14. In view of the above pleadings, it is not possible for us to accept the alternate argument of the respondents that the impugned orders are de hors the directions issued by this Court in the 1993 case.
15. We will now examine the contention of the respondents that the impugned order can be independently justified in view of the power vested in them by virtue of Rule 75(aa) of the west bengal Service Rules, Part-I. The said Rule reads thus:
“Notwithstanding anything contained in this Rule the appointing authority shall, if it is of opinion that it is in the public interest so to do, have the absolute right to retire a government employee by giving him notice of not less than three months in writing or three months’ pay and allowances in lieu of such notice-
i) If he is in Group-A or Group-B (erstwhile gazetted) service of post and had entered government service before attaining the age of 35 years, if he has attained the age of 50 years and
ii) In all other cases after he has attained the age of 55 years.”
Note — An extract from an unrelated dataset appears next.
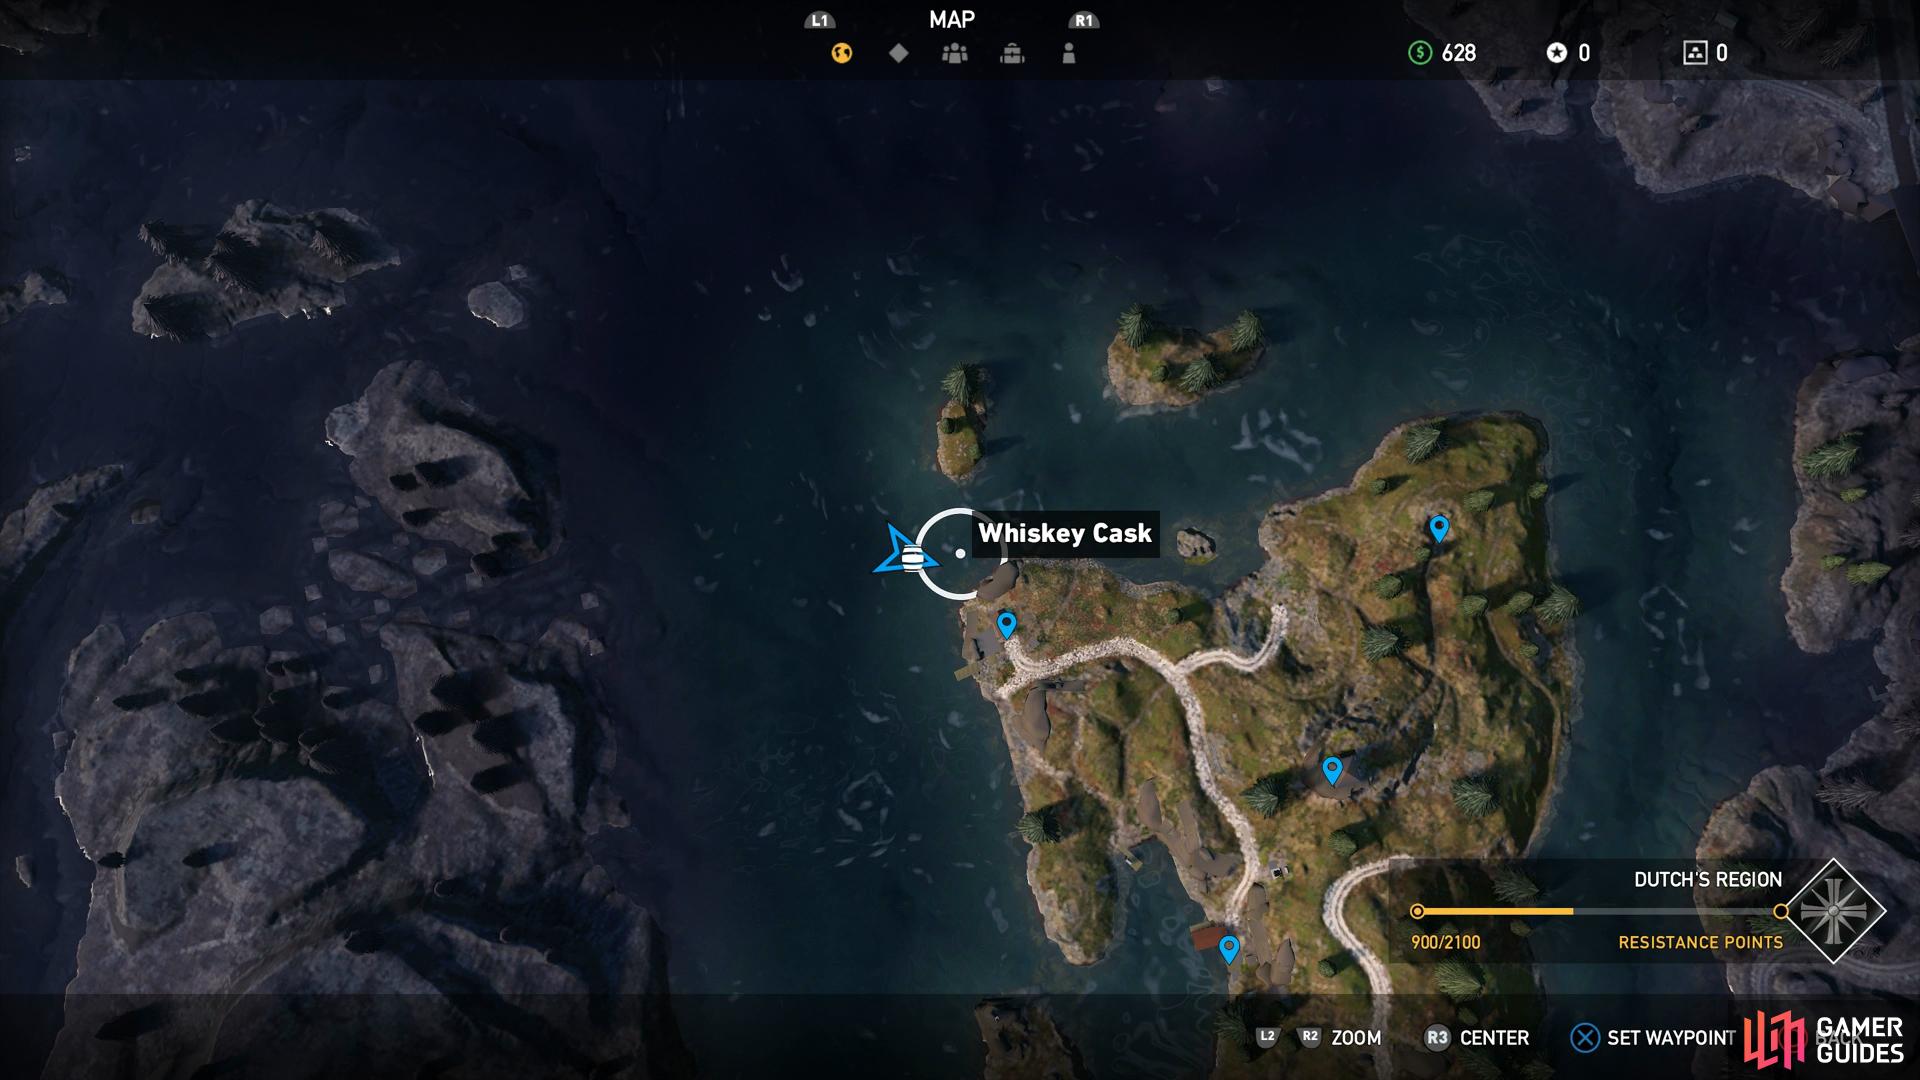 Search the small island north of the Forest Research Station

16. A perusal of this Rule shows that this Rule can be invoked for the purpose of retiring a Government servant in “public interest” on satisfying the conditions mentioned in sub-clauses (1) and (2) of that Rule. A careful perusal of the impugned orders nowhere shows that the said orders are being issued in “public interest” which is a condition precedent for invoking this Rule. Nor does it advert anywhere in the impugned orders in regard to the conditions specified in sub-paras (1) and (2) of the said Rule. If we have to examine the impugned orders in the light of this Rule then the same has to be held to be bad in law for non-application of mind and want of material particulars which are mandatory for invoking the said Rule. Therefore, the argument of the respondents seeking to justify the impugned orders based on Rule 75(aa) of the said Rules also has to be rejected.
17. In the said view of the matter, we do not find any force in the arguments advanced on behalf of the respondents to sustain the impugned orders.
18. For the reasons stated above, these writ petitions are allowed. The impugned orders No. 9509-J dated 23-10-1998, No. 9518-J dated 26-10-1998 and No. 9628-J dated 2-11-1998 issued in the name of the Governor of west bengal by the Government of west bengal are hereby quashed. No order as to costs.